It was Sunday morning and we were on our way to church. I was in the driver’s seat and my two babies were sitting peacefully in their carseats behind me, watching the word zip by outside the windows. As I pulled up to a red light, I took a peek at each of my boys through the rear-view mirror.
Cameron was sitting up, facing forward, looking every bit the big boy that he is growing into. Firmly gripped in each hand were toy cars. Gavin was reclining in his rear-facing seat, his eyes wide open, trying to take in as much of this new world as he could.
They were both sitting there, so perfect. So beautiful. With me. So close. My boys.
“You are both Mama’s boys” I said, turning my head around and smiling at these little bits of me and my husband in whole, new form. Sometimes I am hit so strongly with such an incredible feeling of joy and privilege that I get to share my life with these two little beings. “Mama loves her boys.”
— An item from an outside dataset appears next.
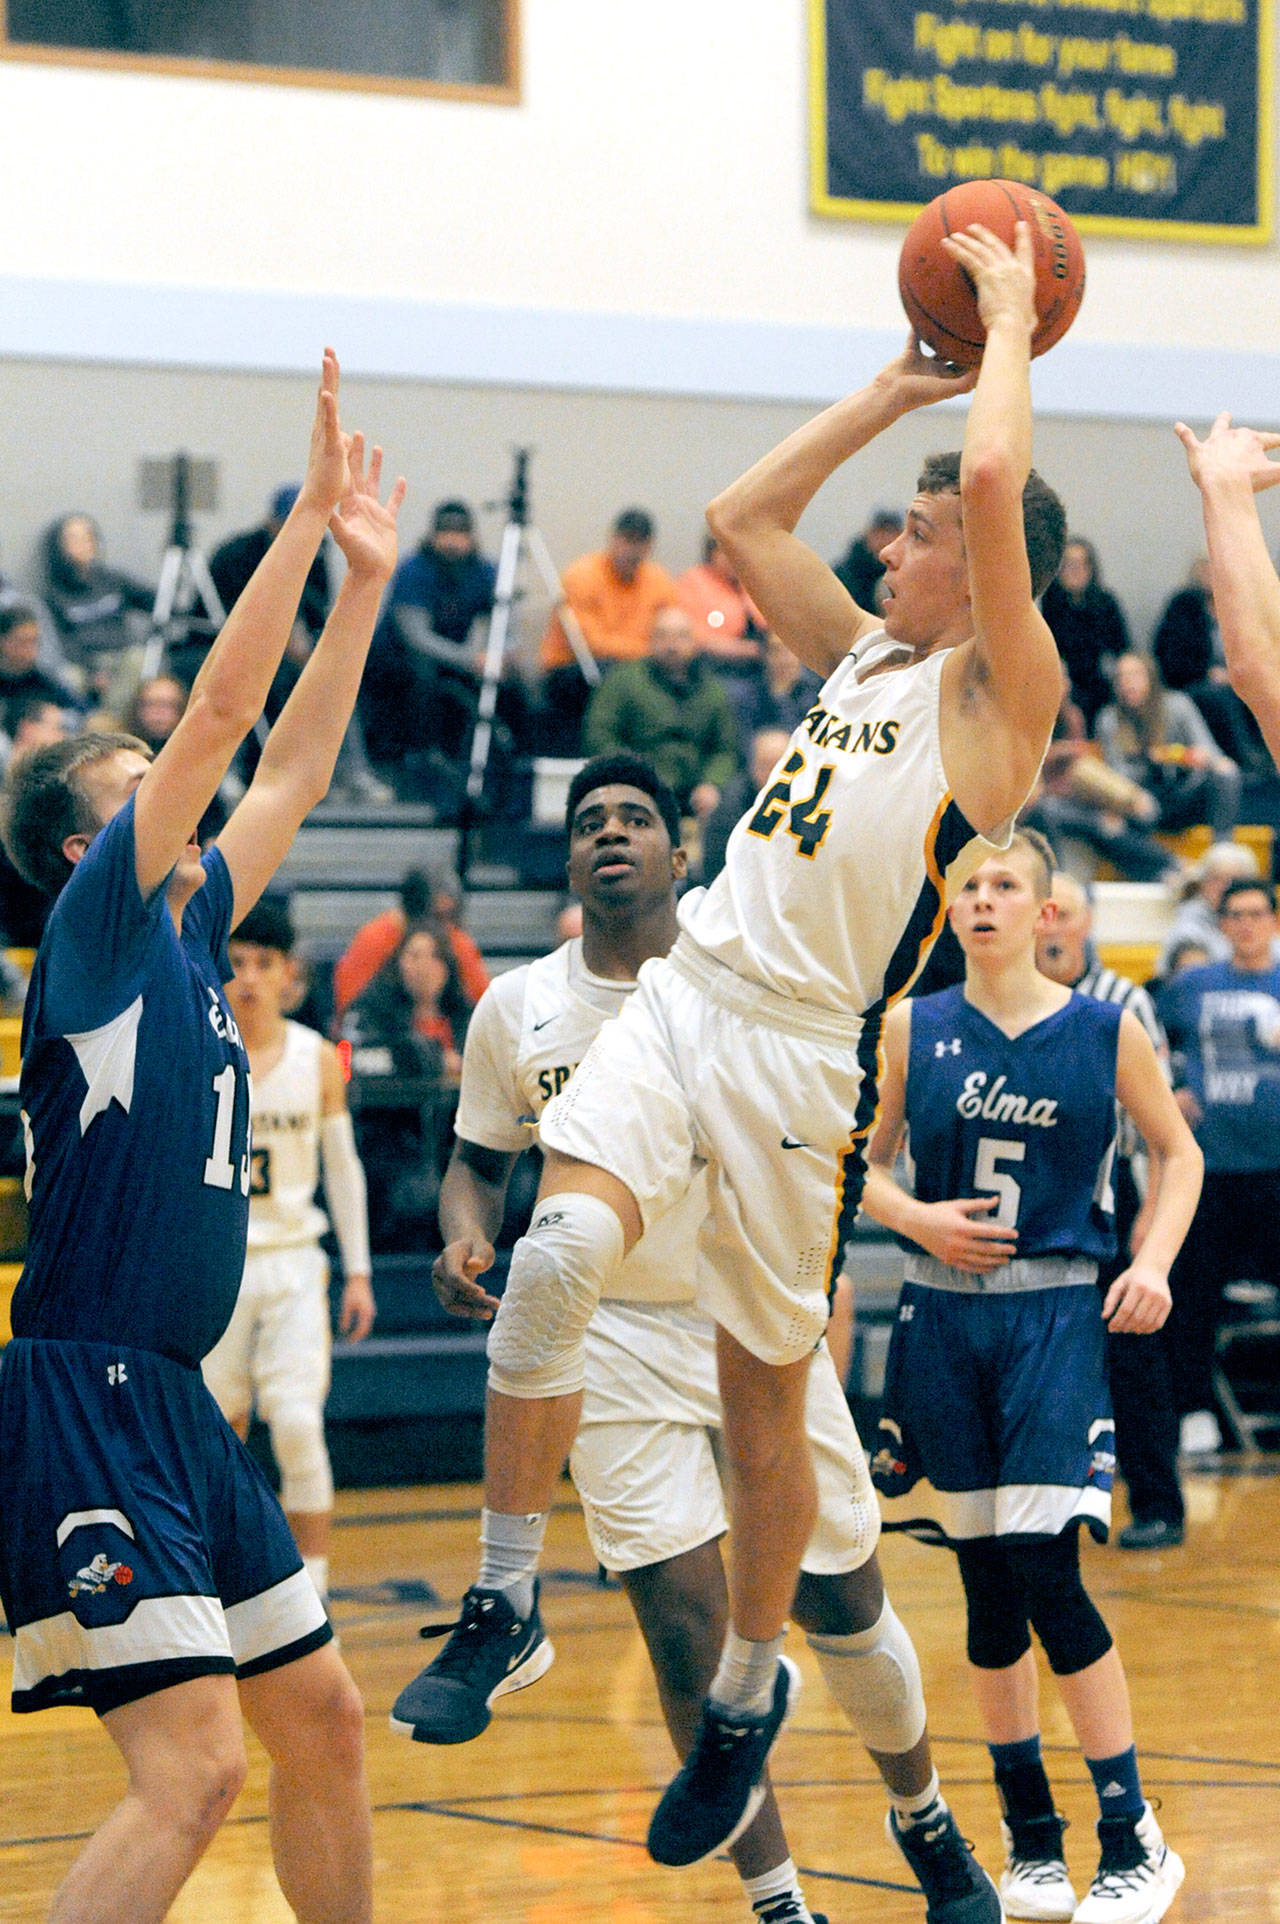 Lonnie Archibald/for Peninsula Daily News                                Forks’ Logan Olson shoots over an Elma defender Friday evening in Forks where the Eagles defeated the Spartans 49-42.

My heart was bursting for them; for my boys. Both of them, equally.
And then Cameron spoke.
“No Mama. Tameron not Mama-boy. Tameron Daddy-boy! Gabin Mama-boy.”
Not my boy. According to Cameron I only have one boy, and he isn’t it.
I get it. I do. For the past five months, I have been at this new baby’s beck and call. He and I share a rhythm, one entirely out of step from a toddler’s typical beat. Our family has made this work, but usually because of some off-balance equation in which Daddy spends a lot of extra time with the big boy while I spend my time caring for the newest one.
It works for us. We have two very happy kids. We are meeting their needs in the best possible way we know how.
Gavin, the baby, favours me. He tolerates his Dad, which is better than how he used to act, but the expressions on his face and the way he shimmies his body to get closer to me really solidifies his preference in parent. Gavin is at a stage where he needs his Mama and I need to be there for him. So I am. I am always there when he calls. I nurse him when he is hungry and snuggle him when he is lonely, and lay my sleepy body beside his when he needs a little extra comfort.
What Cameron doesn’t remember is that I did all of this for him.
I understood each of his unique cries and reacted accordingly. I put my energy into making him laugh and smile. I spent each night wrapped around his little body, heart to heart, breath on breast. I let him depend on me and he loved me for it.
Everything I do now for Gavin, I did for Cameron.
Cameron won’t remember that. He still holds on to that sense of security and the understanding that I will protect and provide for him. But he couldn’t possibly remember each individual time I put his needs above all others.
Now it is Gavin who needs that. Now it is Gavin’s turn to learn how secure and safe and loved he is in this family. I am the one who needs to start that process.
What Cameron doesn’t realize is that I am doing all of this for him still. It has just evolved into a love that manifests itself differently, with more independence.
As I hold onto the memory of baby Cameron and his little hands grasping for me, I can confidently hand over the favourite parent role to my husband knowing that he does just as good of a job loving Cameron and making him the happiest he can be. And maybe, hopefully, I’ll be his favourite again in another season. Maybe I’ll get my Mama’s boy back for a little while.
Because I love my boys. And no matter what they say, they are both Mama’s boys.
Do your kids have a favourite parent? How do you cope when you’re not it? Did you have a favourite parent while growing up?